O Nome da Rosa permanece sendo seu romance mais conhecido, e um exemplo dos caminhos narrativos de Eco. Sob o pano de fundo da Idade Média, a desintegração do poder, alianças políticas e religiosas, somadas a um suspense investigativo, são aspectos exibidos no livro para abordar de modo indireto as mesmas transformações que o autor exploraria durante toda sua vida.

O monge franciscano (Guilherme de Baskerville) funciona como o típico renascentista perseguindo os sucessivos crimes de um mosteiro. A personagem representa a transição do pensamento moderno, guiando (e guiado por) digressões a respeito das dúvidas de ordem histórica e filosófica que reportam às virtudes humanas.

E foram essas duas estruturas que renderam ao romance uma elogiada adaptação para o cinema. Este ano o filme O Nome da Rosa, dirigido por Jean-Jacques Annaud, completa trinta anos. Eco, que faleceu mês passado (sexta, dia 19), escapou de insistentes futuras perguntas equiparando os entreatos do filme com os do livro.

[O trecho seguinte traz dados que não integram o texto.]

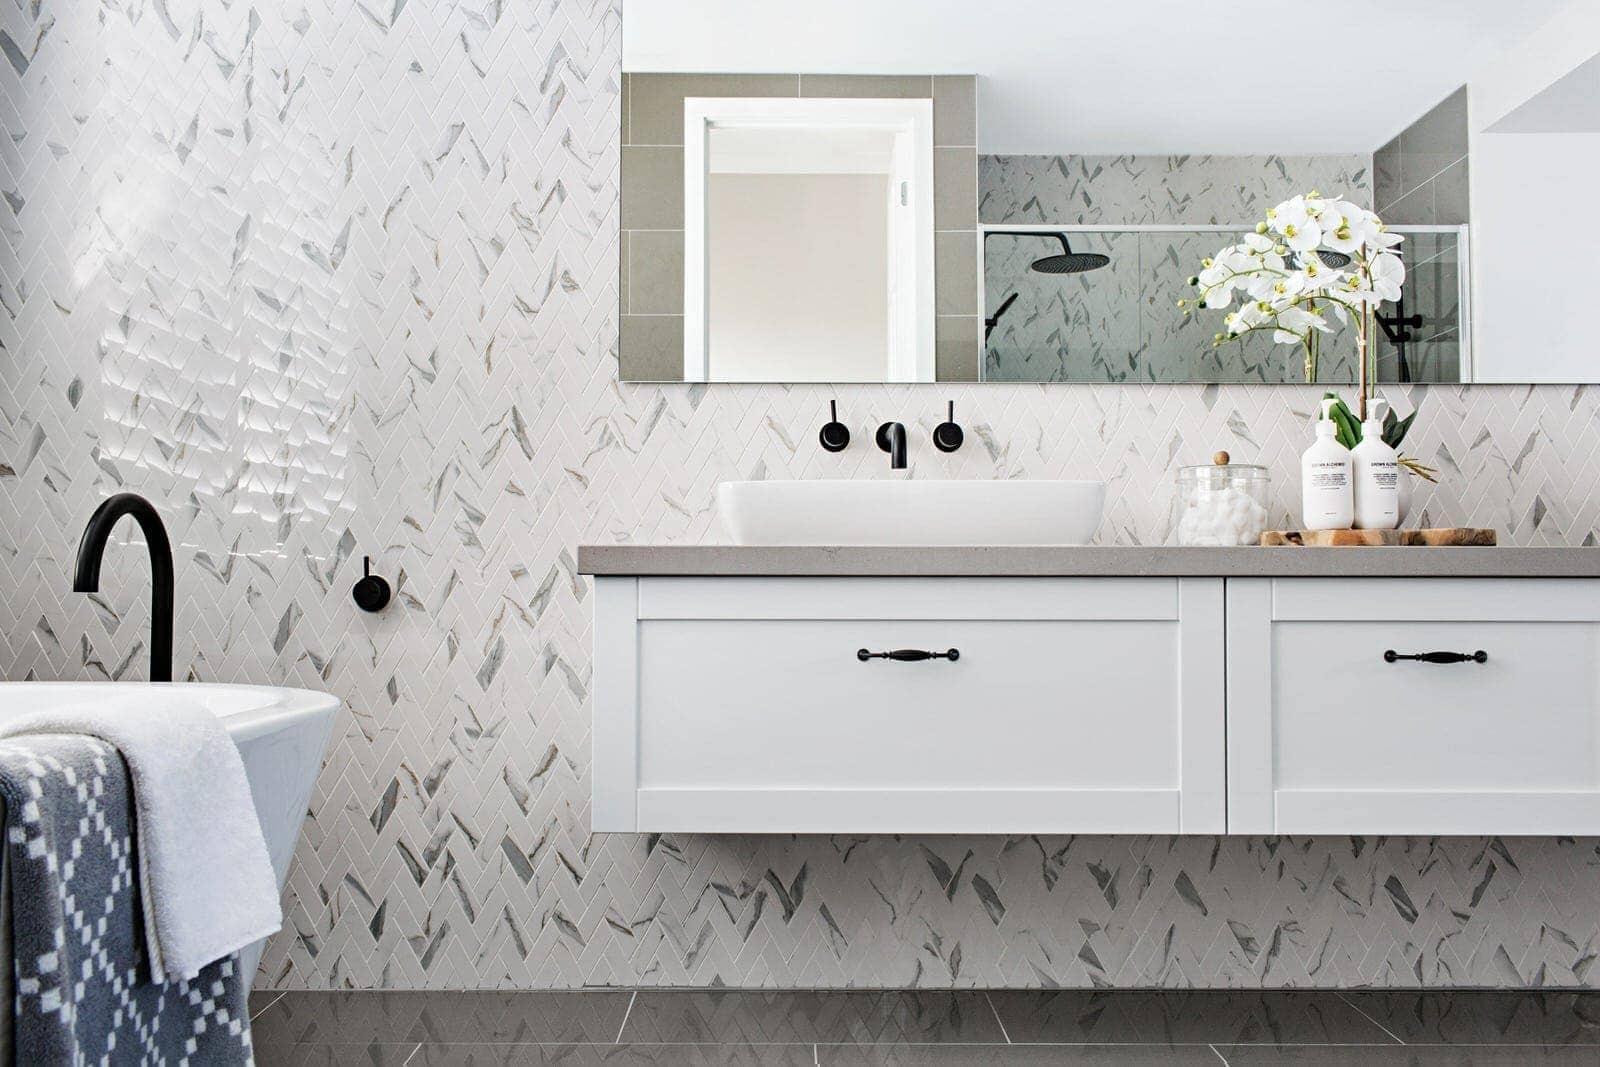 metricon hamptons style bathroom with marble herringbon tiles and floating vanity

Retomando brevemente o início deste texto para lembrar que Umberto Eco fora eleito entre os maiores, além do fato de ter sido indicado inúmeras vezes ao prêmio Nobel e nunca ter ganhado, remonta, bem ao estilo de seus romances, às contradições de nosso tempo, em que a nostalgia (do pensamento narrativo) é derrotada pela envelhecida e aborrecida História (do tempo).

Muitos acreditam que Eco não tenha sido um romancista tão prodigioso quanto fora em seus ensaios. Difícil saber o que é falso ou verdadeiro. Mas uma coisa é certa, a sua morte se anunciou sem conspiração — ou talvez a única conspiração à vista seja a da própria morte, com vontade de contrariar sua irredutível inclinação a compartir sentimento caloroso e espontaneidade.

A realidade é mais estranha que a ficção, e, sabendo disso, Eco fez de tudo para que a (sua) realidade e sua ficção jamais se estranhassem.